--- START ---

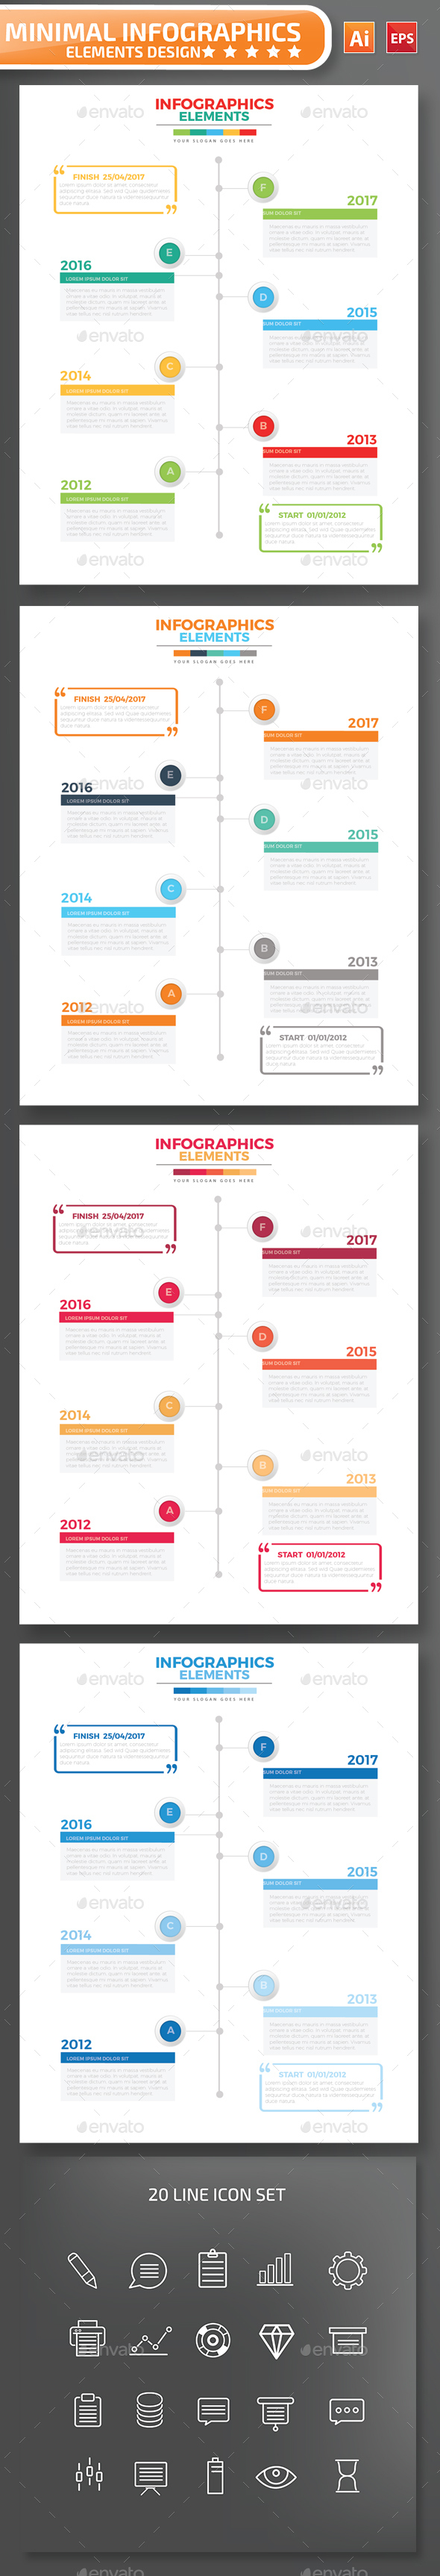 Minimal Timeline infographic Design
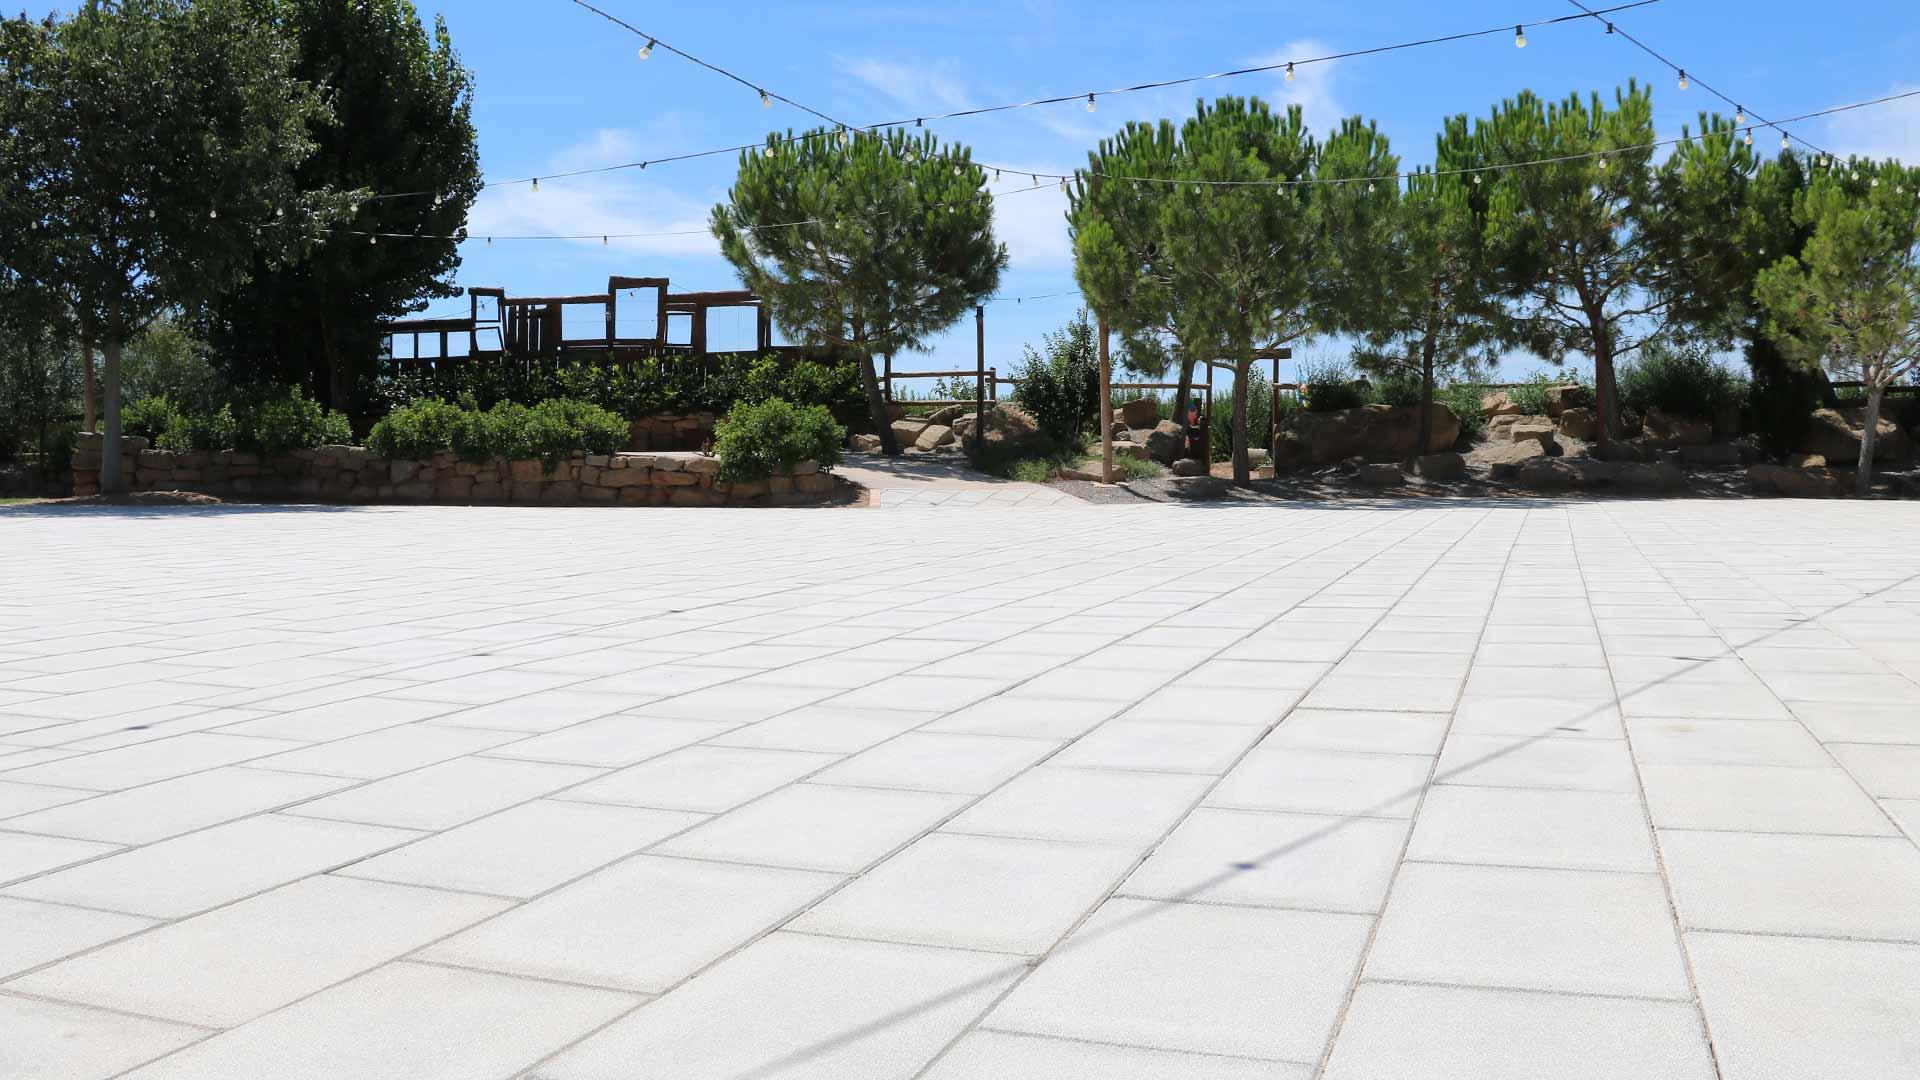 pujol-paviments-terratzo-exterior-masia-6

--- END ---
--- START ---

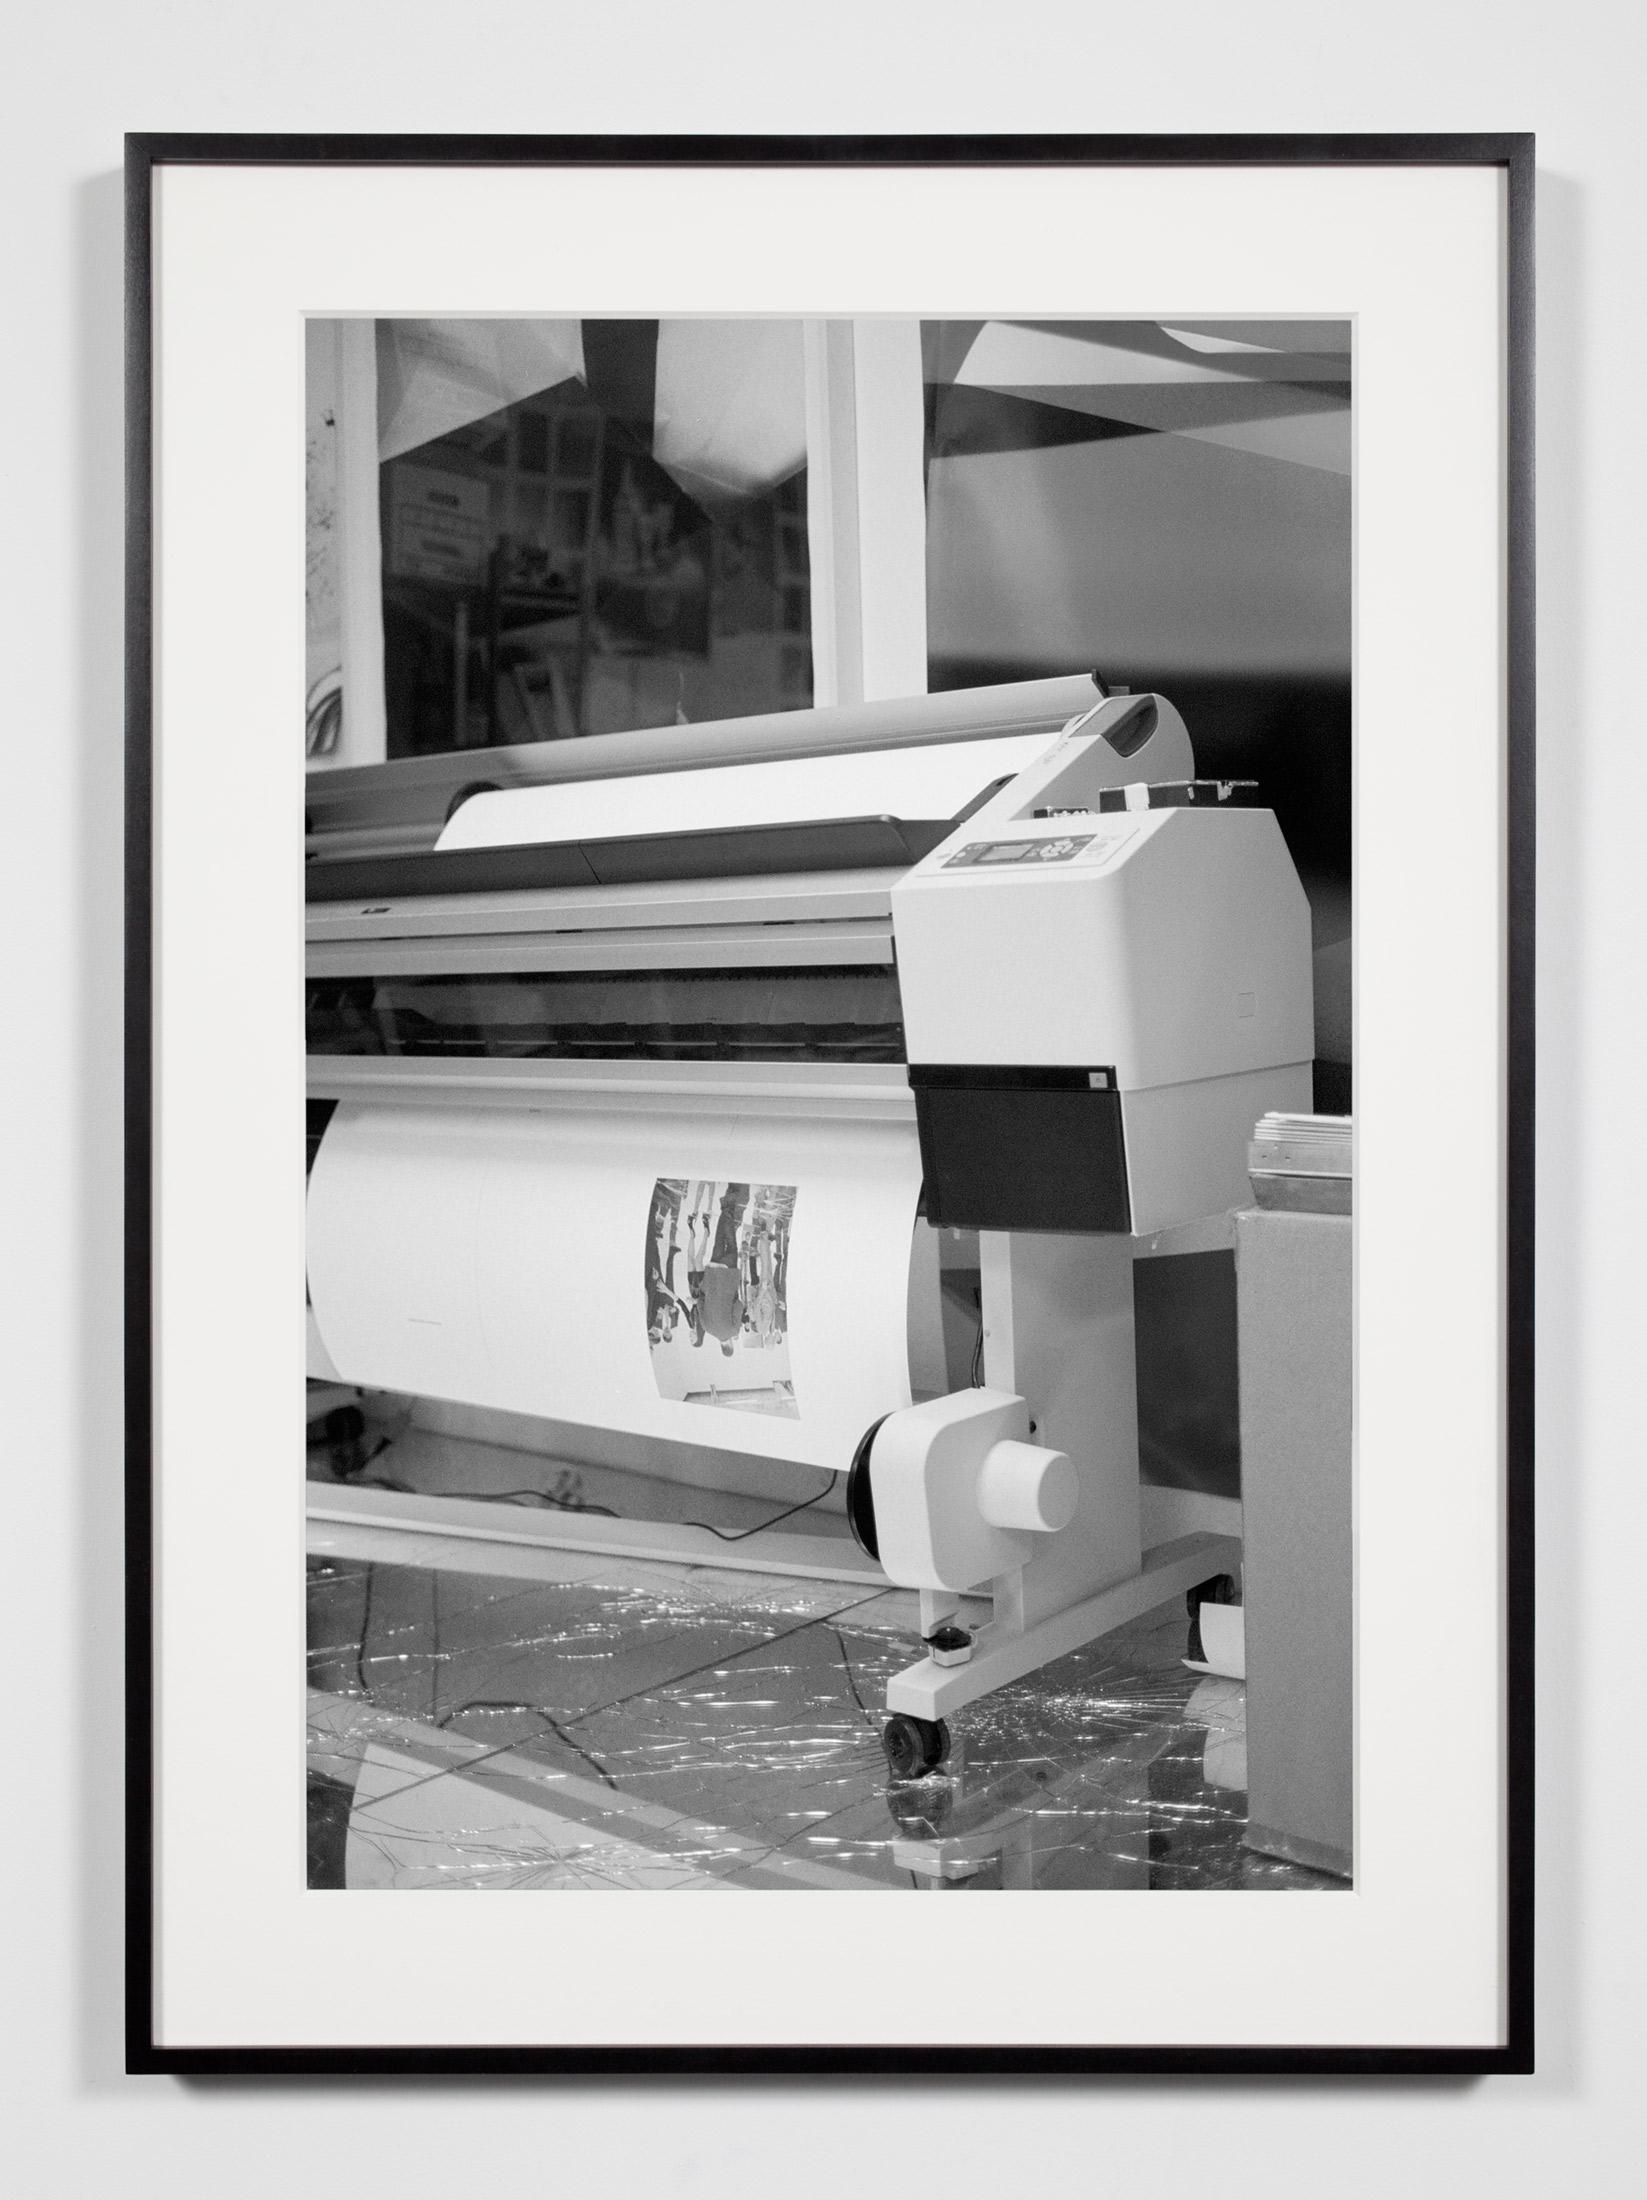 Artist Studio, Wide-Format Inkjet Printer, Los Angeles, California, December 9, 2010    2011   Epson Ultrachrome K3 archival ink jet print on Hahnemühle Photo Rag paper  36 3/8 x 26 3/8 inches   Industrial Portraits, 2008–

--- END ---
--- START ---

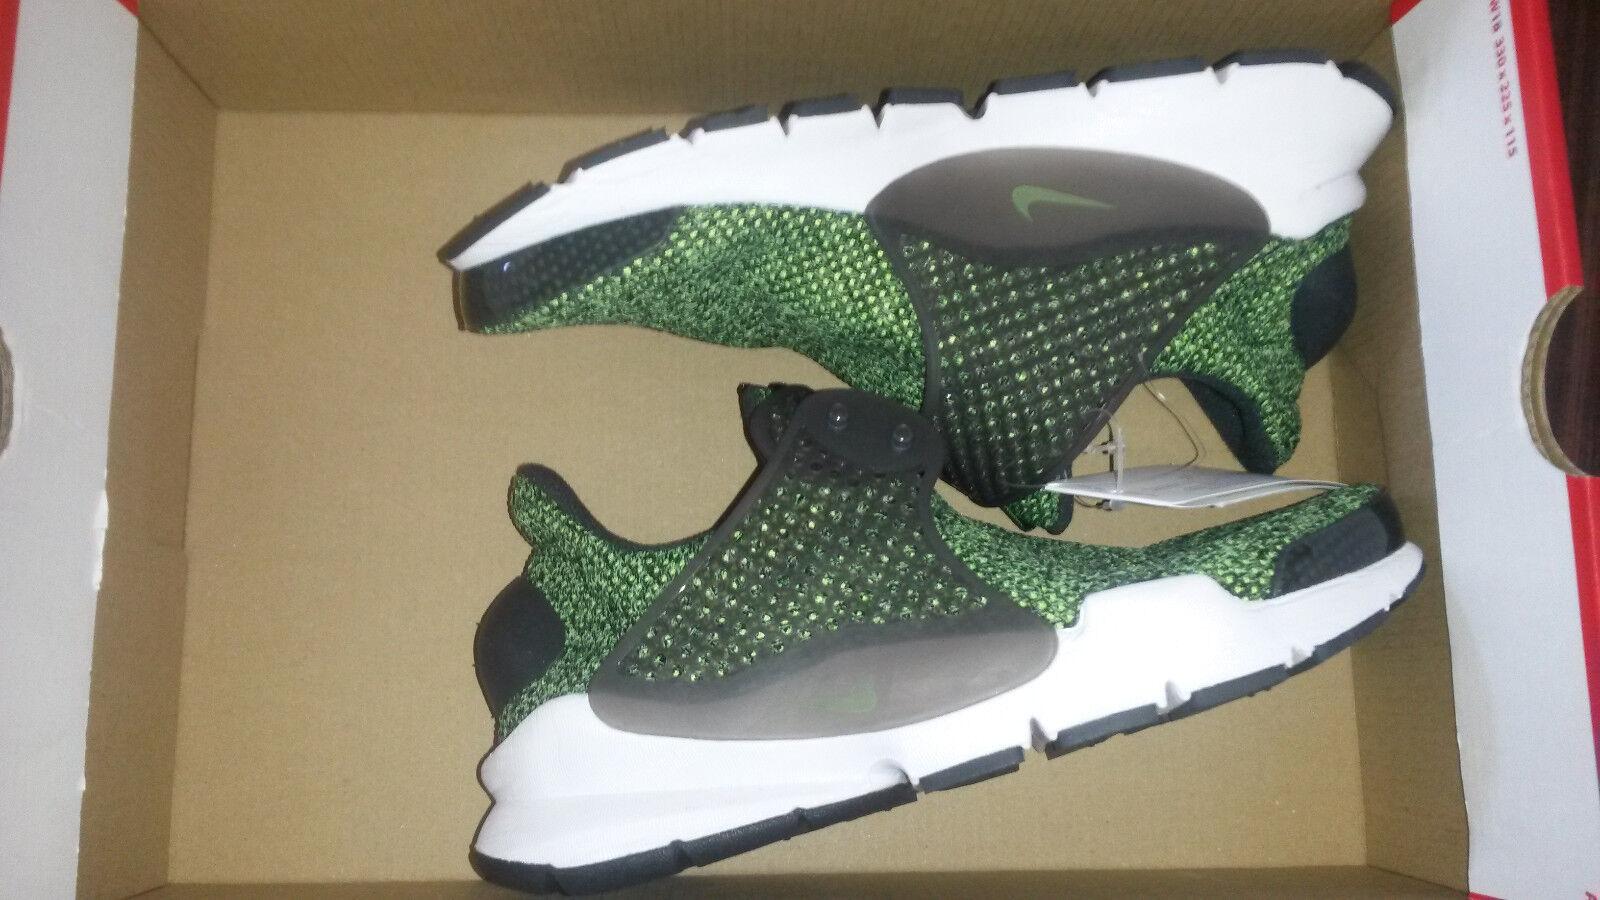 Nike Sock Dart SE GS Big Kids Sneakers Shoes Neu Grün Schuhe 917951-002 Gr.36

--- END ---

Work to complete
Please copy out from the data above, without any picture, exactly the lines running from the one that holds "Minimal Timeline infographic Design" through the one that holds "pujol-paviments-terratzo-exterior-masia-6", and nothing beyond them.

Answer space
 Minimal Timeline infographic Design
 pujol-paviments-terratzo-exterior-masia-6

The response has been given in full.